***** Dataset section *****
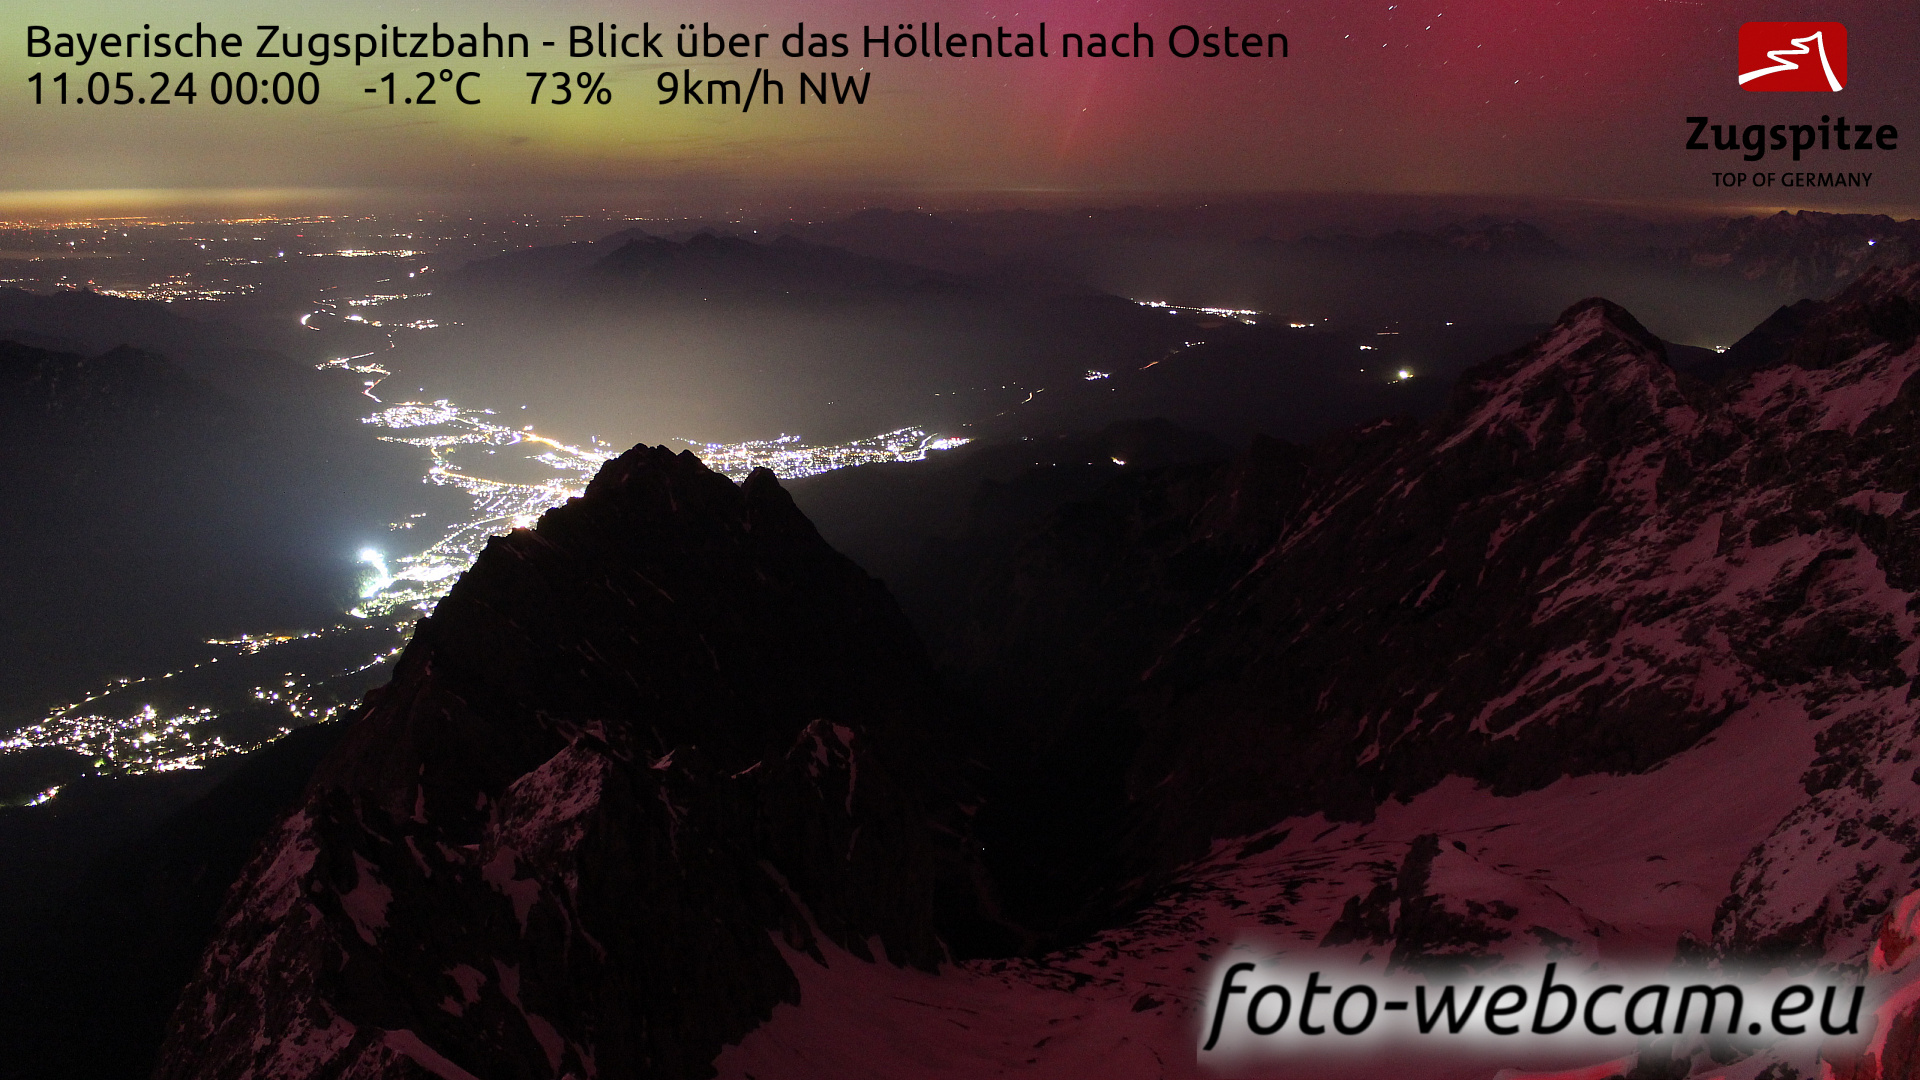 Zugspitze Wed. 00:05
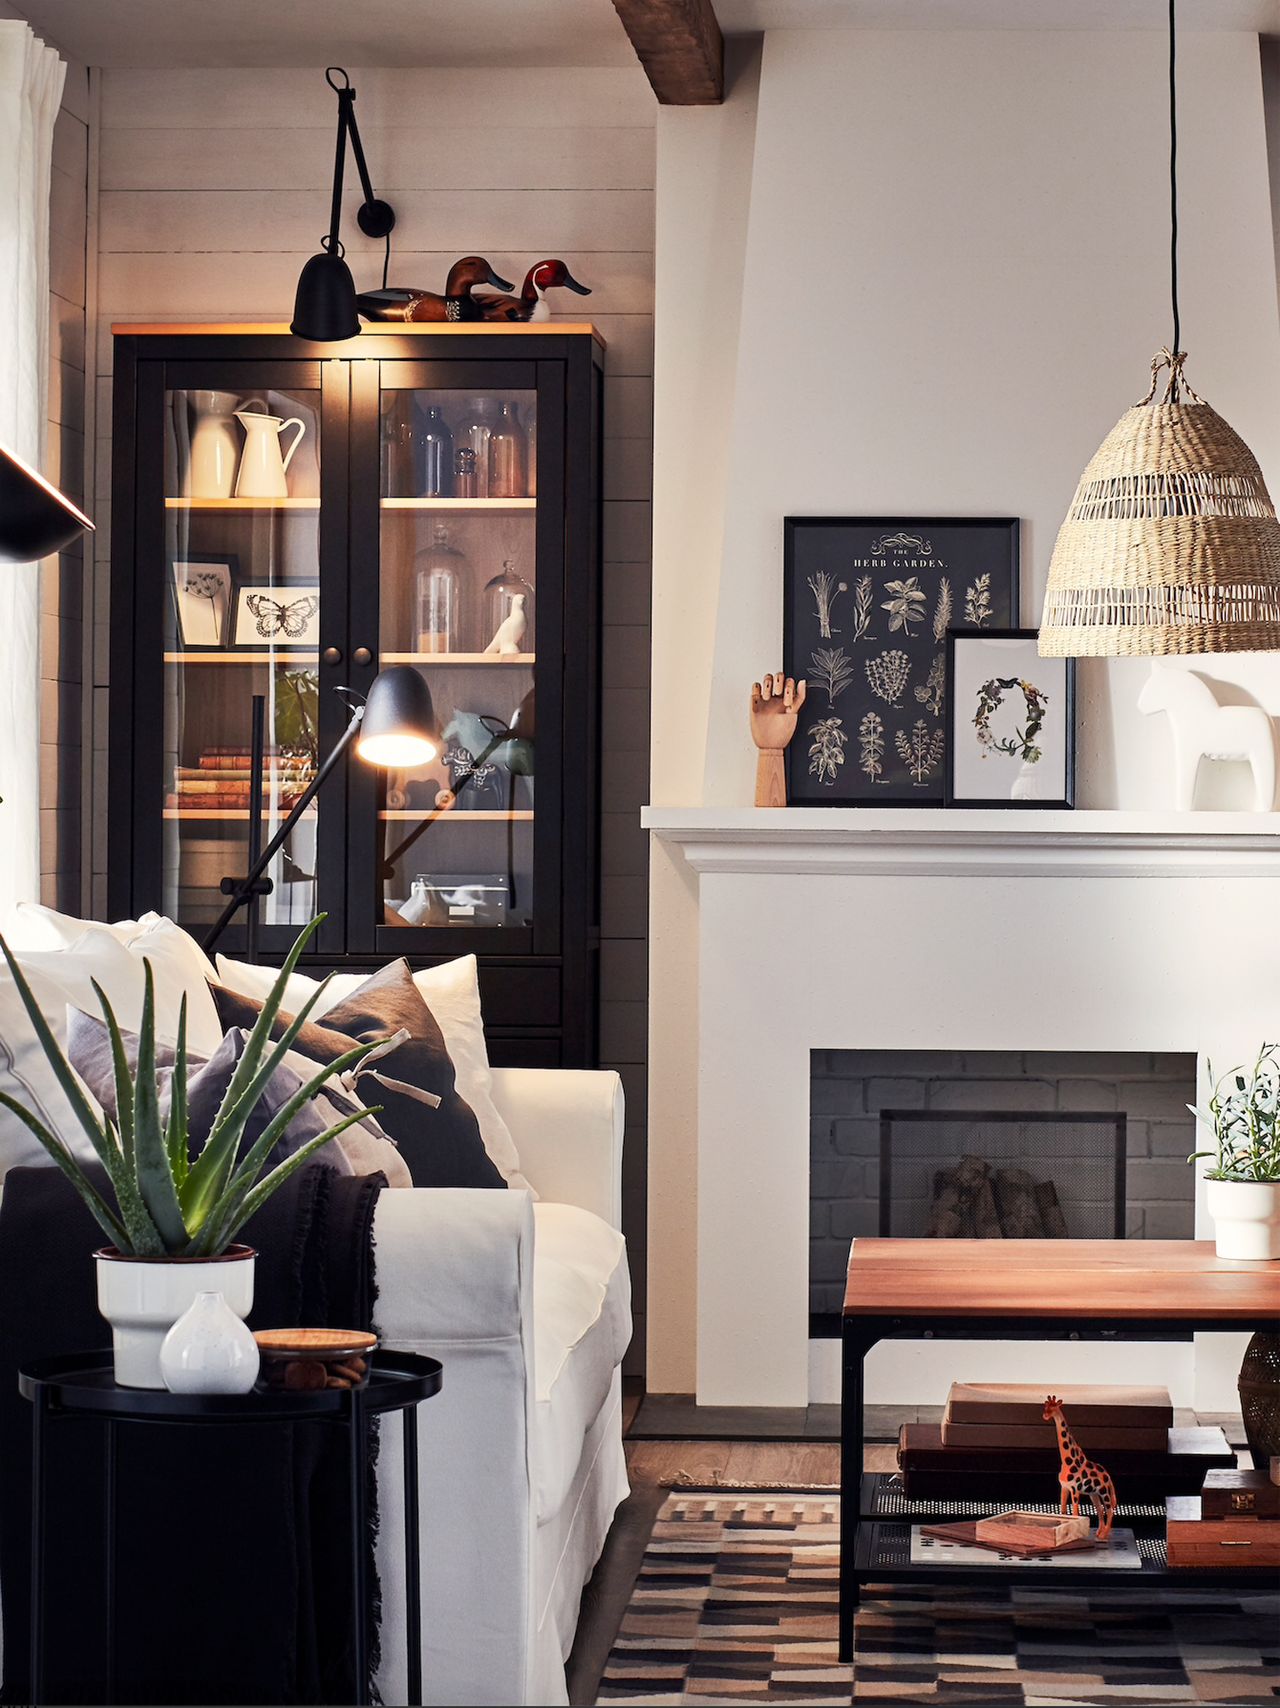 Cream living room ideas: cream vardagsrum med djärva svarta accenter genom möbelramar och hyllor
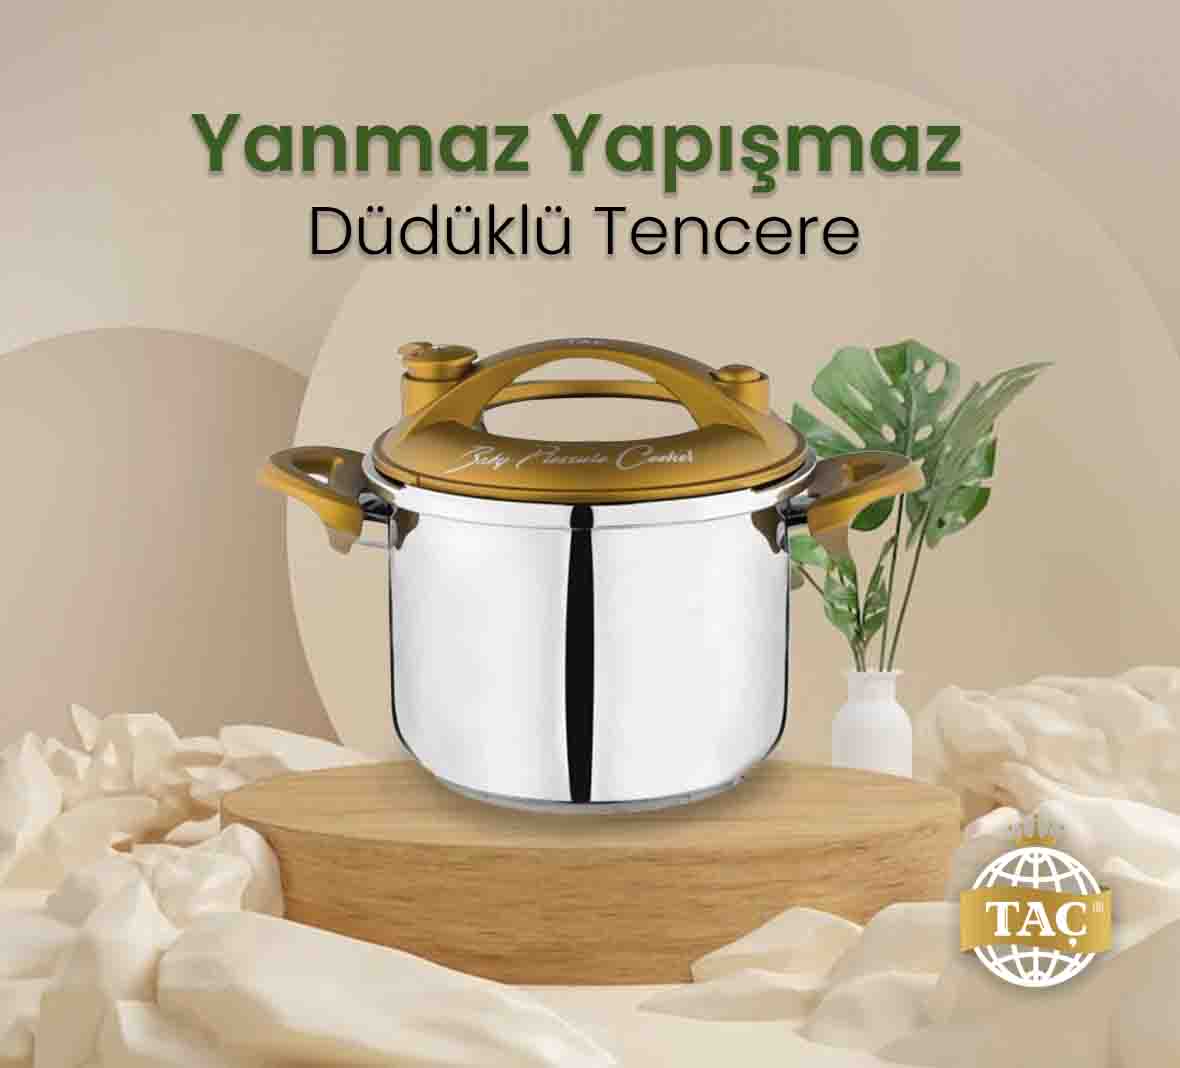 Yanmaz Yapışmaz Düdüklü Tencere - Mutfak Pişirme Ürünleri - Tacev.com
*****
What is required – Transcribe all data precisely. Pictures are not copied.

Response to the task –
 Zugspitze Wed. 00:05
 Cream living room ideas: cream vardagsrum med djärva svarta accenter genom möbelramar och hyllor
 Yanmaz Yapışmaz Düdüklü Tencere - Mutfak Pişirme Ürünleri - Tacev.com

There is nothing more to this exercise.